He was back in the forest, back at the beginning again. A gentle breeze was blowing. The sky was blue. He was alive.


Edward woke up late. His head hurt. The last thing he remembered was wandering around the green landscape in the game, through hills and meadows and thickets, playing with the controls, looking for clues. At some point he'd finished the wine and begun pouring himself nips from a bottle of grappa—Zeph and Caroline had brought it back from a conference in Florence last year—on the principle that sticking to liquids based on grapes would minimize his hangover. He was now reevaluating that principle in light of new evidence.

When did he finally go to bed? God, he was no better than Stewart and his GameBoy. The apartment was stifling. The windows were all closed, and sunlight was pouring in. He could feel the sheen of sweat on his bare back as he swung his legs down. Edward staggered out of bed, threw open all the windows he could find, and staggered back again.

He looked at the clock: It was two in the afternoon. He shook his head. All that stress and lack of sleep must have finally caught up with him. He rested his head in his hands. Today was Friday—he was pretty sure it was, anyway. Usually he would have been at work for six hours already. Standing in the kitchen, he ran himself a tall glass of water and drank it in one long, unbroken series of swallows. A sweet, oversized green apple sat on the counter, and he sliced off a thin segment with a steel carving knife. He ate it off the blade. The crispness of it hurt his teeth.
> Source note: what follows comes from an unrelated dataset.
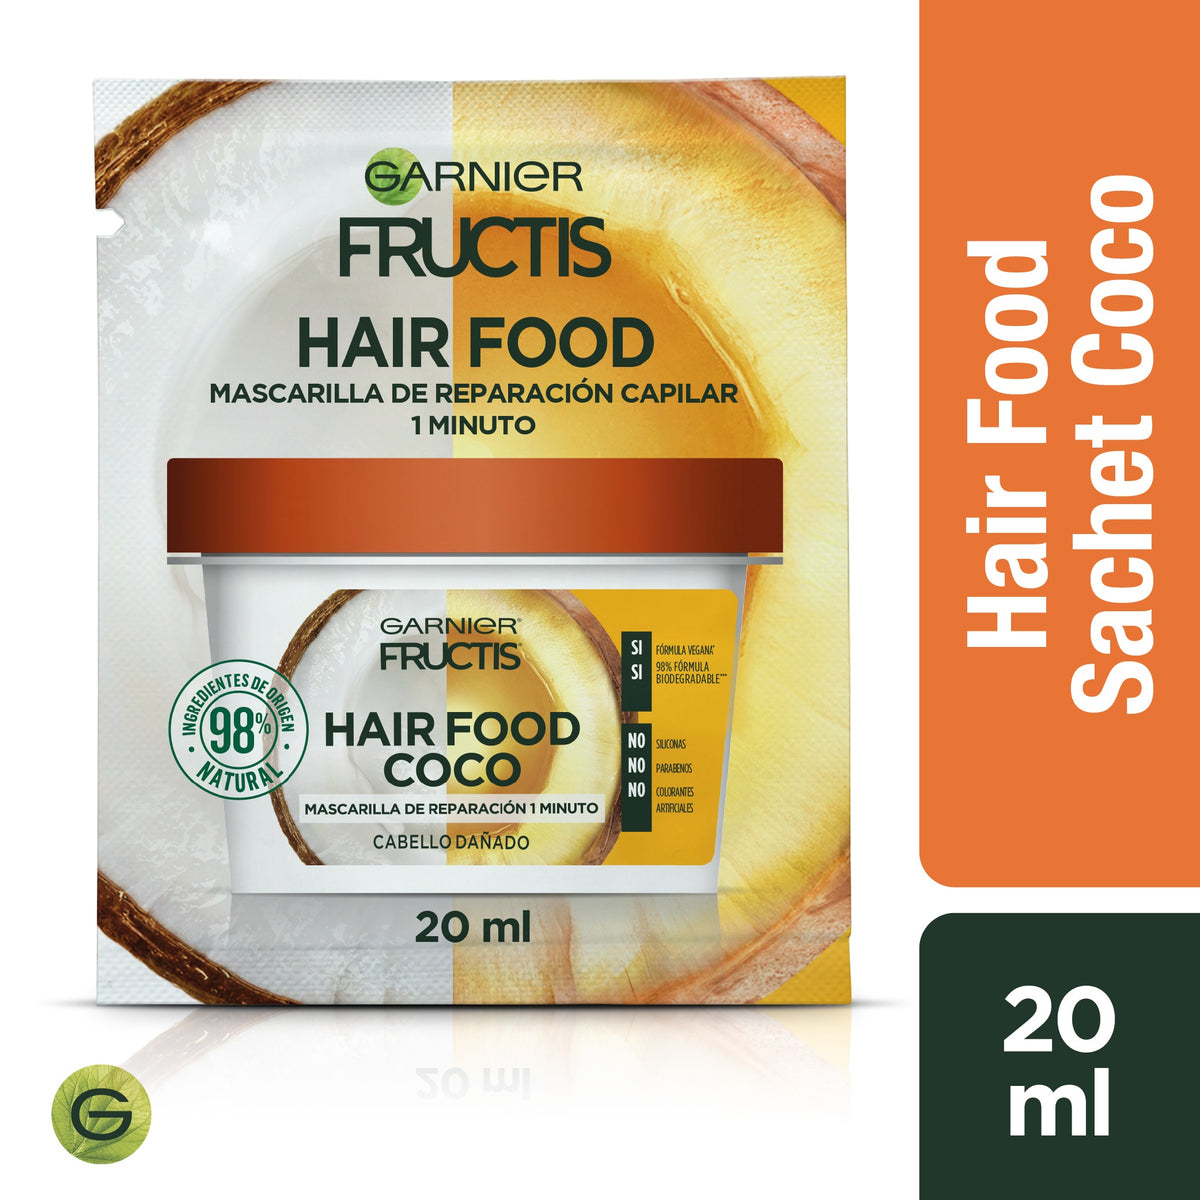 Fructis Hair Food Ct Coconut Sch 20 ml

There was a message on his answering machine. It must have been left last night after he went to bed.

“Edward. Zeph here.” Loud party noise in the background. “Everybody else here is talking on their cell phones so Caroline and me—Caroline and I—we thought we should call somebody on ours.” Caroline said something in the background. “I'm not yelling. This is how I talk. Listen, I'm talking in my normal voice.” Zeph was drunk.

“We're all pissed off at you,” he went on. “Fabrikant's pissed that you're not here, and we're pissed that you're not here, and that's pretty much everybody—well, there's some other people here, they're probably pissed at you too, I can't say for sure. I don't really feel like asking them. We should go now. All this small talk isn't going to make itself. Oh, the Artiste is here, isn't that a scream? I told him about it. I can't believe he came. He's walking around freaking people out. Wow, what a gloriously slutty-looking woman,” Zeph added.
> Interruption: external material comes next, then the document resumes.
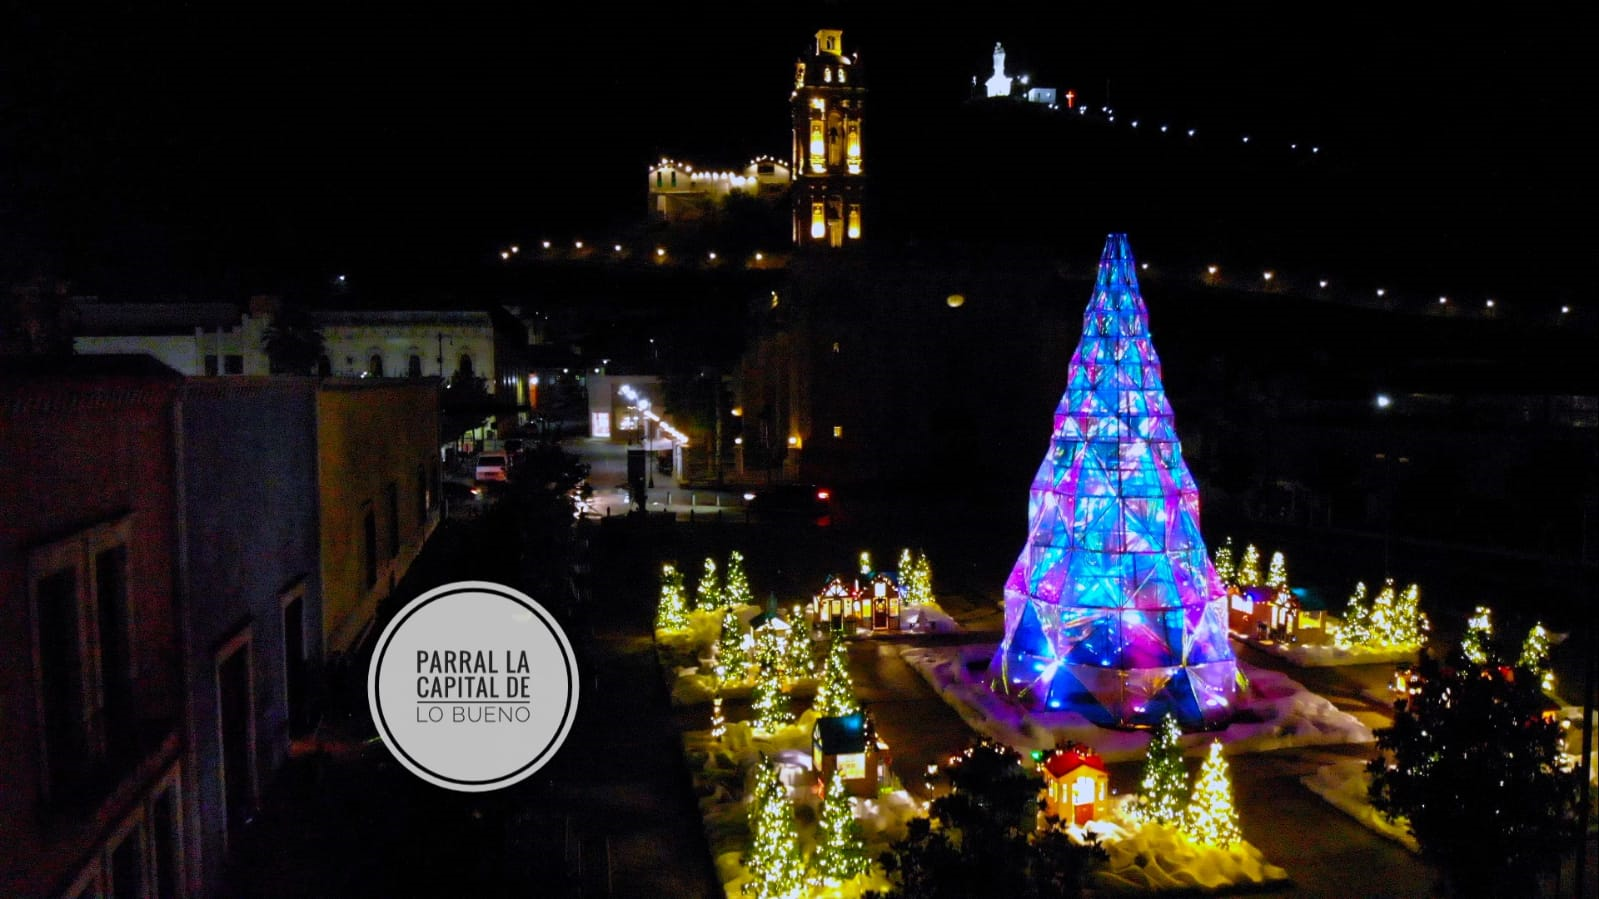 Monumental árbol navideño inspirado para que cada familia coincida en un mágico lugar

“Look at those heels,” Caroline said in the background. “Why doesn't she just wear stilts?”

“I'm gonna...”

The call cut off there.

Edward walked back through his apartment to the bathroom, where he splashed some cold water on his face. It had been a couple of days since he'd shaved.
You're letting yourself go,
he thought.
You wasted last night, and you've already wasted half of today. Pull yourself together, asshole.
He should call the office and clear up the mess about the Wents' library, he thought, staring at himself in the mirror. No, it was already too late for that today. He should just go over there. By now they'd be waiting for him. He pictured the cool, dark quiet of the Wents' library.

A fresh bloom of sweat was already breaking out on his forehead. He went to the bathroom to take a shower, then he got dressed and threw a notebook and an old sweater into his leather bag. He wasn't going to hang around here all day. At least the Wents had air-conditioning. On his way out he stopped in front of his computer. The monitor screen looked weak and dusty in the direct sunlight. It was still on—the screensaver was obsessively drawing randomly generated fractal mountain ranges over and over and immediately erasing them again. He hadn't even bothered to quit out of the game. He'd left it on all night while he slept.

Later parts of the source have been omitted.